Special treatment for some: Most refugee families in Idaho wait years to reunite with loved ones

Most Americans understand waiting as being stuck in slow-moving traffic or holding onto their shopping cart while standing in long lines at the store. But for many refugees, “waiting” depends on the whims of domestic politics, international relations, and a good dose of luck, magnifying their feeling of being stuck.
Immigration to the United States is a waiting game – it can take years, decades, even to receive immigration visas, to reunite with family, to receive asylum, to get green cards and then citizenship. More than 20,000 people had already been approved for refugee status when Trump took office, many of them with family already here in the U.S. and in Idaho. Now they too wait.
However, the Trump administration is resettling white South Africans now, just three months after floating the idea, essentially allowing them to jump the line in front of people already approved, thousands of whom had already booked their travel.
As a sociologist studying migration and refugee integration in the U.S., I have been conducting interviews on the impact of the 2021 Afghan evacuation – when tens of thousands of Afghan allies fled their country after the U.S. withdrawal and return of Taliban rule.
Many Afghans were able to resettle in the U.S., at first through humanitarian parole. Later, they had to apply for asylum to create a pathway to citizenship. However, due to the backlog with asylum cases, many were forced to apply for Temporary Protected Status to receive work permits. On the same day that a small group of white South Africans arrived, the administration canceled Temporary Protected Status for Afghan allies.

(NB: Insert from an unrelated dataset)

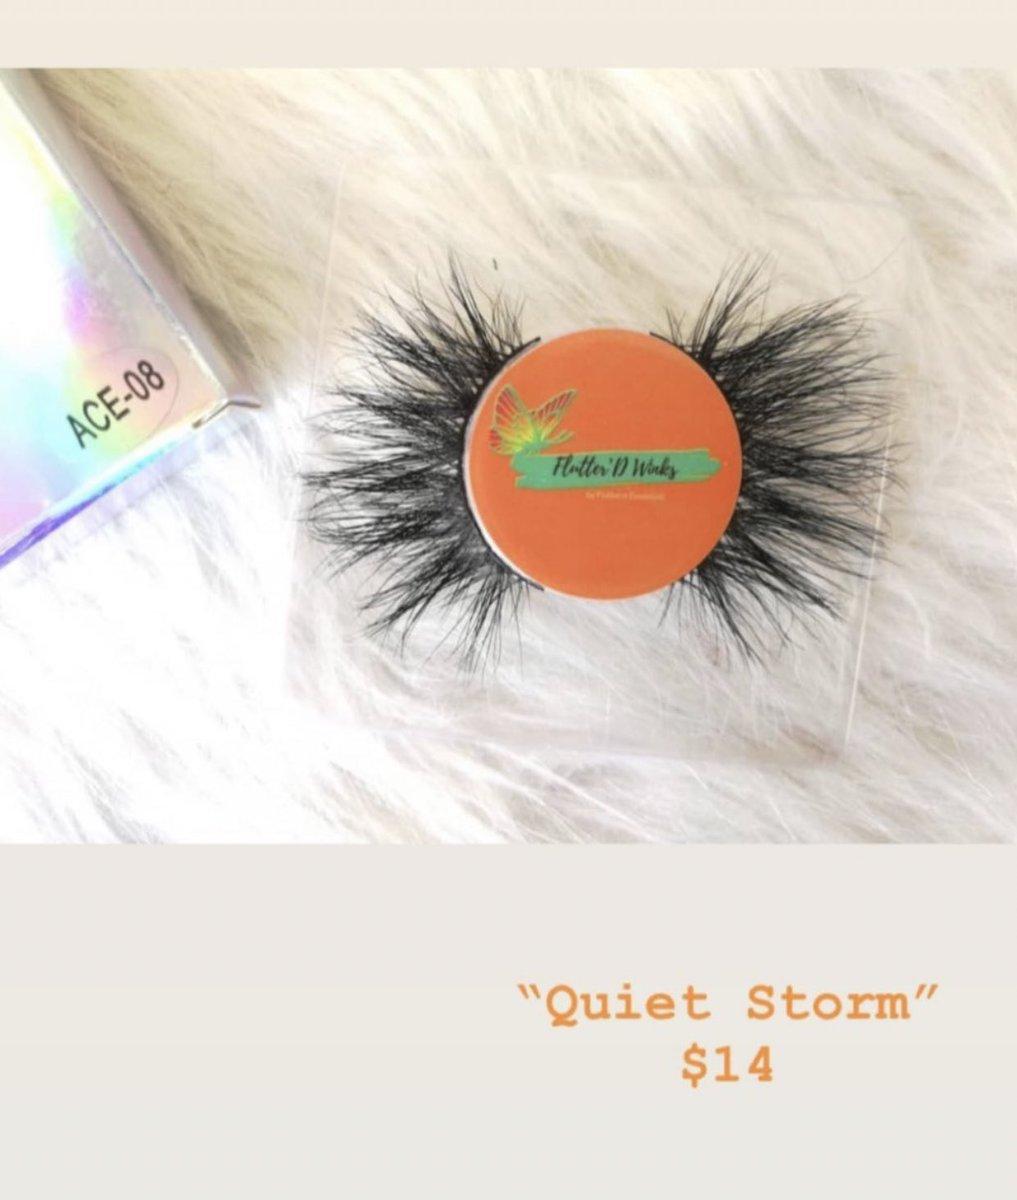 """Quiet Storm "" $14 COME SHOP LADIES Link To WEBSITE in BIO  CONTACT US  flutterd.essentials@gmail.com #lashbabes #minkeyelashstrips #dmvlashes #girlboss #makeup #girlboss #dmvmakeupartist #dmvmakeup #lashes #lashtechnician #minkstriplashes #makeupbrushes #comeshoppic.twitter.com/tNxVqRAJxj"

In my research, I have talked to many Afghan families and to people who work with the refugee community in Idaho. Many are still moving through pending asylum cases, years later, including one man I met named Muzar (a pseudonym).
Muzar came to the United States in November 2021 after former President Joe Biden withdrew U.S. troops from Afghanistan. Thousands of Afghans stood in lines for hours at the Kabul International Airport, desperately waiting to be evacuated. Muzar worked for the U.S. military, cleaning a military base, a critical service that made him a target, but did not qualify him for a Special immigrant Visa for Afghans who were connected to the U.S. military.
Now, his asylum case is still pending, as he tries to prove his service, as is the case for many. “Lack of proof” is a common theme for many service workers, which I describe in my own work on low-wage immigrant workers in the U.S.
They had tickets. A flight number. An arrival time. Then Trump’s executive order changed everything.
There are many youth and elderly women whom I regularly meet at the legal clinics in Boise. One such elderly person is Nurma (a pseudonym). She has been in the U.S. for 25 years and is still waiting for her daughter to join her.
The daughter had to flee Afghanistan with the rise of the Taliban and has been stuck in Pakistan for the last seven years, waiting on the visa petition her mom submitted. The legal clinics in Boise are led by attorneys working around the clock to help people like Muzar and Nurma file their asylum claims and reunite with their families. Week after week, many Afghans come seeking answers, and often the answers are elusive.
The waiting within the refugee system has become even more arduous since the Trump administration suspended the U.S. Refugee Admission Program on Jan. 20, his first day in office. Currently, more than 10,000 Afghans abroad, all of whom went through years-long background checks and have been approved, are waiting to be relocated to the U.S. Many are stranded in neighboring countries — Pakistan, Turkey, and Iran.
Yes, the U.S. immigration system is broken, but not in the way you may think. It should not take decades to reunite these Afghan families, torn apart by U.S. policy in Afghanistan. And it should not take one day for a new president to tear apart five decades of U.S. resettlement policy and undermine the family-based immigration system that has been in place since the 1960s.
If resettling white South Africans demonstrates anything, it’s that the U.S. refugee resettlement system is indeed a proper function of government that is capable of operating in an efficient and humane manner when given the proper resources.
Local refugee agencies plan to do what they do best and welcome newcomers to Idaho, but that should not come at the expense of the tens of thousands of other deserving people around the world, including our Afghan friends to whom we owe a high debt of gratitude.